10 keys for a BYOD policy that won’t get you sued

team on phones

At first, BYOD was something a few brave companies were giving a shot. Then it became a nice way to get users off corporate devices. Now company phones are rare and BYOD is becoming the norm.

What’s the next hurdle for Bring Your Own Device? Keeping it from becoming a legal liability. 
The lines between the tech users have for their own personal use and what they use for business is increasingly blurred. And that makes the shared use of a device for business and personal matters a potential legal nightmare.

Delicate balance

When users are walking around with company information on a device that’s easy to lose or steal, IT can’t just shrug off the risk and tell users, “Use it how you’d like.”

On the other hand, users have all their personal contacts, information and other valuable content on phones (such as photographs, voicemail, etc.) on phones, too. Any attempts for IT to regulate the use of these devices will be unpopular.

These competing interests could wind up with BYOD disputes being fought in the courts.

10 areas to focus on

So how can you help curb legal action – or at the very least help protect your company in court?

You can check out our sample BYOD policy here. But below we’ll focus on legal aspects of these policies and what you need to establish with users up front.

  1. Ownership. The most basic step is one of the most important. You’ll need to establish who is the owner of the device. With BYOD, the owner will likely be the user who supplied the device.
  2. Remote-wipe provisions. Users need to understand that IT will be given a role in managing their personal device and how it will be used. They should agree to not only allowing IT to remote wipe information from the device, but also to alerting IT to lost or stolen devices promptly.
    Most importantly, users need to know what information could be lost in the event you need to wipe it remotely. In some cases, IT will only need to remove company data. In other cases, it may need to wipe the whole device. In either situation, there’s the possibility their personal data could be lost permanently.
    Establish that this is a real possibility – one that users will have to be prepared to accept if they want their devices to be used for work.
  3. Costs. This should cover who will be responsible for regular voice and data bills, who foots the costs for overages and roaming, work-related or otherwise, etc.
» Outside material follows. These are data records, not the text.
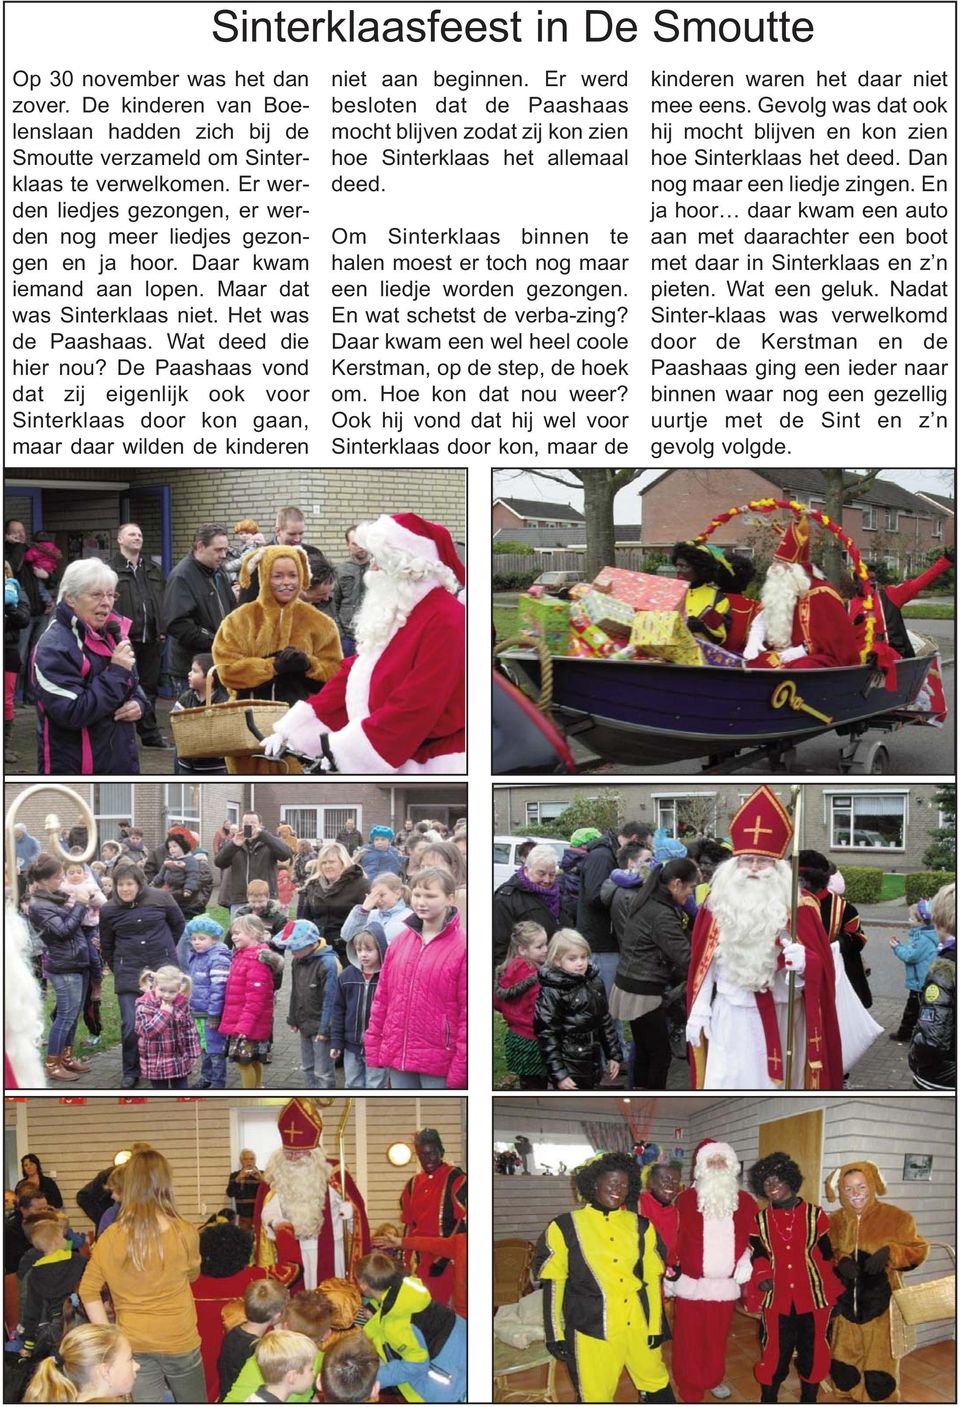 De Paashaas vond dat zij eigenlijk ook voor Sinterklaas door kon gaan, maar daar wilden de kinderen Sinterklaasfeest in De Smoutte niet aan beginnen.
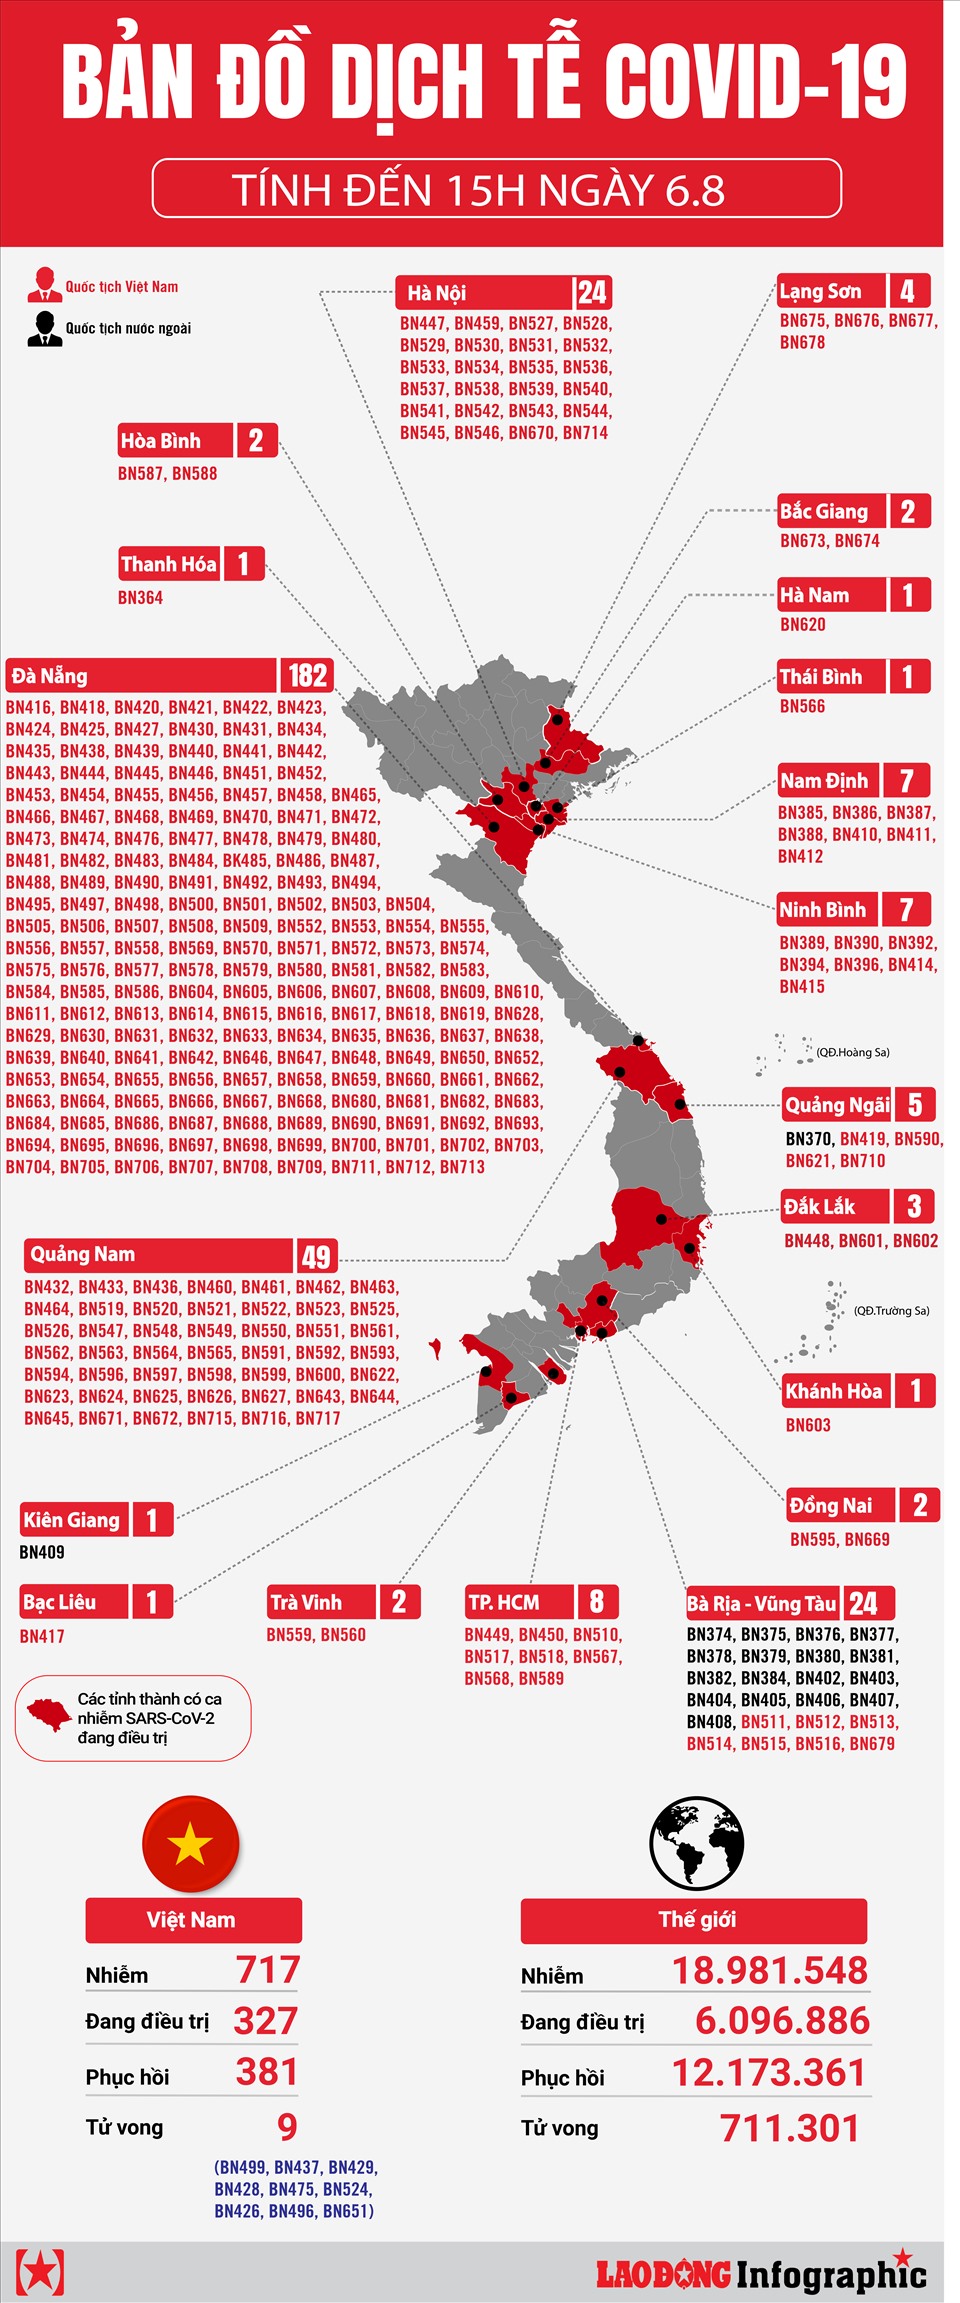 Bản đồ dịch tễ COVID-19 Việt Nam mới nhất tại Ninh Bình cho thấy sự đáp ứng nhanh chóng và hiệu quả của chính quyền địa phương trong việc phòng chống dịch bệnh. Người dân có thể yên tâm hơn về sự an toàn và sức khỏe của mình cũng như của cộng đồng.
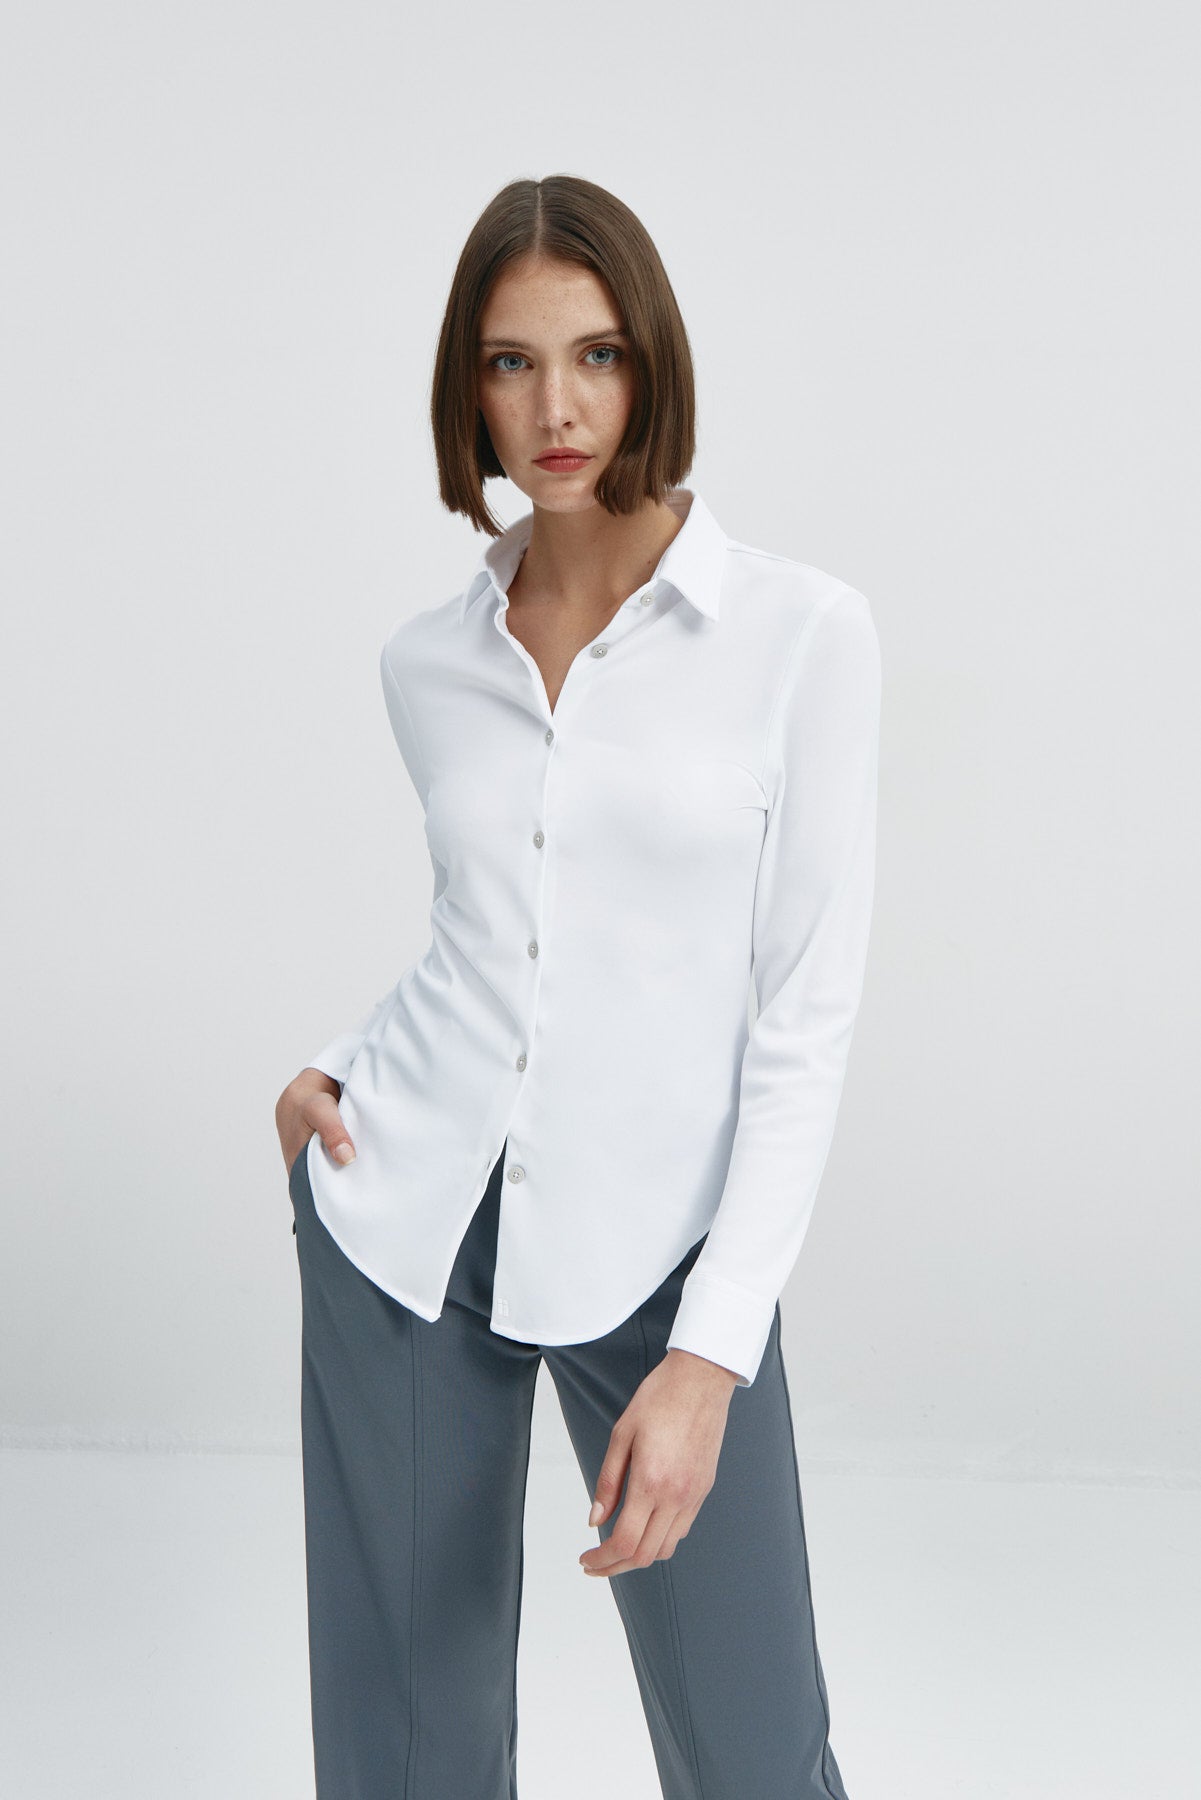  Camisa para mujer slim color blanco, básica y versátil. Foto frente

Confusion over who pays for a device, its service or incidentals are the easiest ways to wind up in court.
  4. Eligibility. If BYOD is treated as a perk, you’ll need to clearly establish who is and is not eligible for it. Best bet: Approve or deny BYOD based on job descriptions, not individuals. That way, no one can claim being kept from participating was discriminatory.
  5. Location tracking. Mobile devices make it possible for IT to determine more about a user’s location than ever before. But beware: This information could work against you. The best bet is to avoid using any features that could report on a user’s location.
  6. Risks for users. However remote, there is a chance using work applications on their phones could result in the phone being damaged or users losing sensitive personal information. Explain that you’ll do your best to protect users, but that there may be risks just as there are with any other devices.
  7. Search and seizure. If it comes to your attention that a phone may have been used improperly, there is a chance users will have to turn it over for investigation. Many won’t like handing over that much personal information, so it’s important that this possibility is addressed in policies from the get-go and is handled with great care by HR or legal departments.
  8. Hours of operation. Part of the draw of a smartphone is that work can be conducted on any schedule. But that can lead to issues with time cards and overtime (in France, some workers were recently banned from answering work emails from home under certain conditions). Make sure that it’s clear when workers can’t take advantage of the flexibility BYOD allows.
  9. Out clauses. Users may decide for whatever reason that they want out of your BYOD policy. Make sure they realize that if this is an option, you’ll still may need access to their devices to clean up any leftover company data. You won’t want users thinking that getting out of the policy is as simple as saying, “No, thanks. I’m done.”
  10. Ending the program. When users  leave the company, you’ll want to be sure that none of your personal information leaves with them. Make sure that your policies cover what will be wiped on their way out the door, and make it clear that you may need to investigate whether any sensitive information has been stored on the device.